Ривэн фыркнул, но, опомнившись, снова принял серьёзный вид.
— Как бы там ни было, открой мне. Это, в конце концов, унизительно. Уже половина слуг, наверное, видела, как я топчусь у твоего порога.
— После твоих пламенных речей на заседании этим ты тоже никого не удивишь, Ривэн.
— О боги! Открывай, или я позову кого-нибудь и скажу, что тебе плохо!
— А мне хорошо?…
— АЛЬЕН!
Замок щёлкнул, и дверь со скрипом подалась вперёд.
— Проходи. Титулы титулами, но твои манеры не особенно изменились.
Ривэн перешагнул порог, чувствуя предательскую робость. С той секунды, как Уна пришла в лес Эсаллар вместе с Альеном, ему навязчиво казалось, что за столько лет ничего — совсем ничего — не изменилось. Раньше он и не подозревал, насколько жутким может быть это ощущение. Он по-прежнему робел перед Альеном, как мальчишка, будто все эти годы — служба при покойном лорде Дагале; попытки научиться управлять замком и хозяйством (по совести говоря, тщетные — слава богам, ему достались неглупые управляющие и достаточно честные слуги); жизнь при дворе Ингена с вознёй в бесконечных интригах и бессмысленных заигрываниях; спешное, «по верхам», заглатывание знаний (лорд Дагал мечтал, чтобы он наверстал упущенное и получил хорошее образование, но сам умер раньше, чем смог убедиться в результатах своих трудов, — а напрягаться без контроля извне и без непосредственной для себя пользы было не в правилах Ривэна); ежедневные скучные переговоры с какими-нибудь послами, представителями, жрецами, просителями — будто все они ровным счётом ничего не значили.
Да и значили ли? Если да, почему он почувствовал себя живым лишь этой осенью — лишь когда дерзко, вопреки полупросьбам-полузапретам короля, покинул Энтор, чтобы уплыть вместе с Уной?…
— Ривэн, сегодня ты чудовищно много размышляешь. Это утомляет непривычностью.
Он вымученно улыбнулся:
— Мог бы и не читать мои мысли. Я ведь не маг и не умею их защищать.
— Обычно этого легко избежать по отношению к тем, кто не владеет Даром. Но сегодня твой мысленный поток очень настойчив, — Альен отложил толстую тетрадь в кожаной обложке и встал из-за стола. Как и днём, он был весь в чёрном — сгусток мглы в полумраке комнаты, при огоньках всего двух свечей и задёрнутых шторах. Неизлечимое пристрастие к темноте. Перо, которым он писал, само отряхнуло себя от чернил над заботливо подложенным листком и прыгнуло на подставку. — Я знал, что ты придёшь, но думал, что не так скоро. Признаться, надеялся, что заседание утомит тебя больше.

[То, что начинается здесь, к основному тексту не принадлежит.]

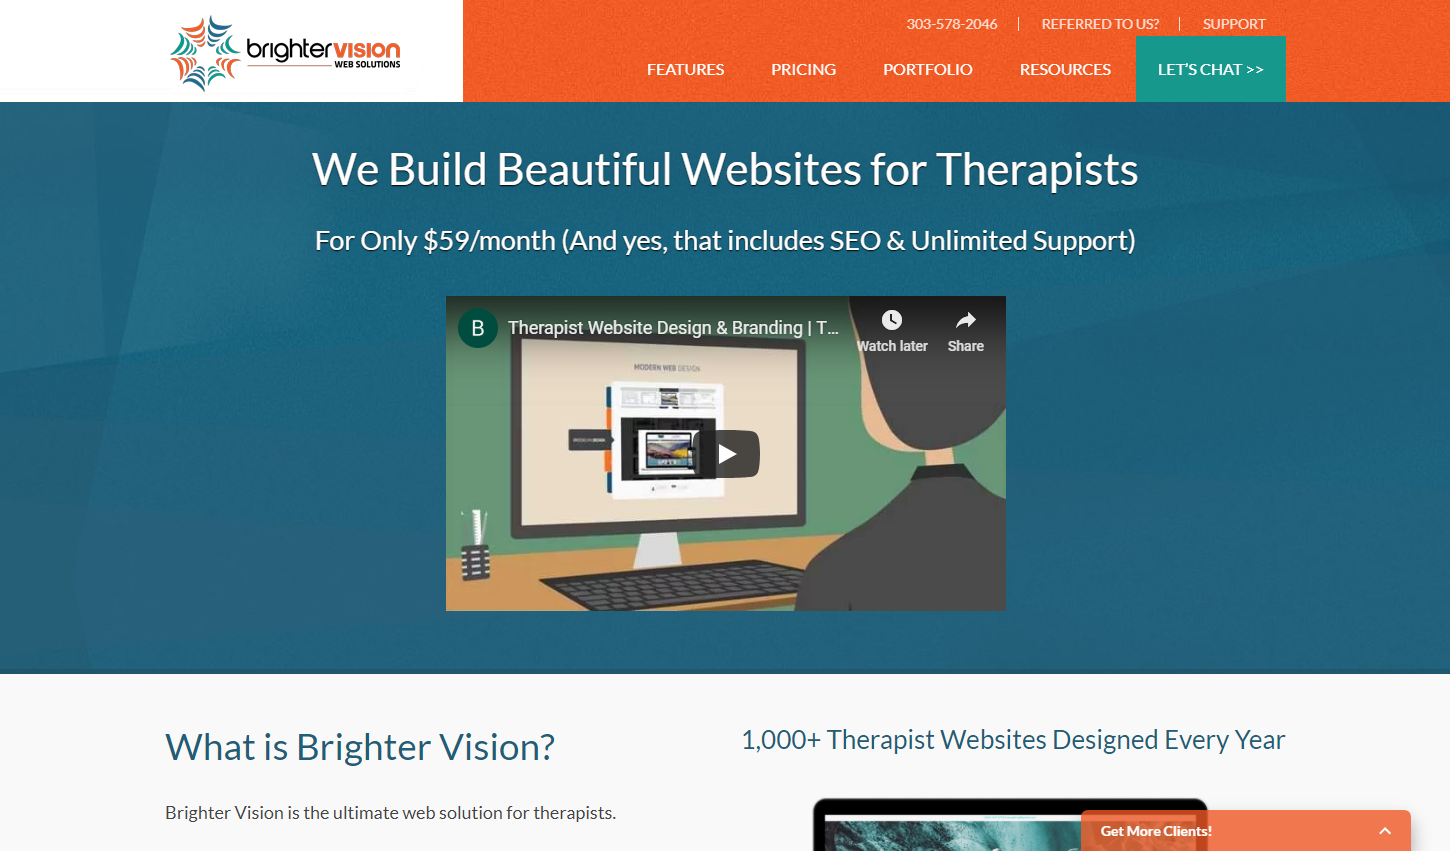 Brighter Vision website home page | 3 Myths About Web Design That You Need to Ditch in 2019 | Brighter Vision Web Solutions | Marketing Blog for Therapists

— Да? — Ривэн не знал, что ещё на это ответить. Всё ещё улыбаясь, кивнул на тетрадь: — Что ты пишешь? Если, конечно, это не очередная страшная тайна.
Альен облокотился о столешницу. Синие глаза ножами резнули по черепу Ривэна (желанная боль — как давно он скучал по ней и как стыдился себе в этом признаться), и он понял: спрашивать бесполезно.
— Не тайна. Но ничего значительного, — тетрадь мягко захлопнулась у Альена за спиной. — Просто заметки.
— Заметки. И скоро ли наши потомки будут переводить их на все языки Обетованного и цитировать, как поэму о Лааннане?
Выражение лица Альена — весьма скептическое: отец-крестьянин смотрит так на сынишку, который, оседлав деревянную лошадь, заявляет, что станет самым отважным рыцарем королевства и прославится в веках, — подсказало Ривэну, что шутка вышла неуклюжей.
Наверное, перед некоторыми его придворная способность изящно шутить до сих пор испаряется.
— Я пришёл поговорить, — он сглотнул сухость в горле, — о той короне из клада.
Бровь Альена приподнялась со знакомым полупрезрительным сомнением.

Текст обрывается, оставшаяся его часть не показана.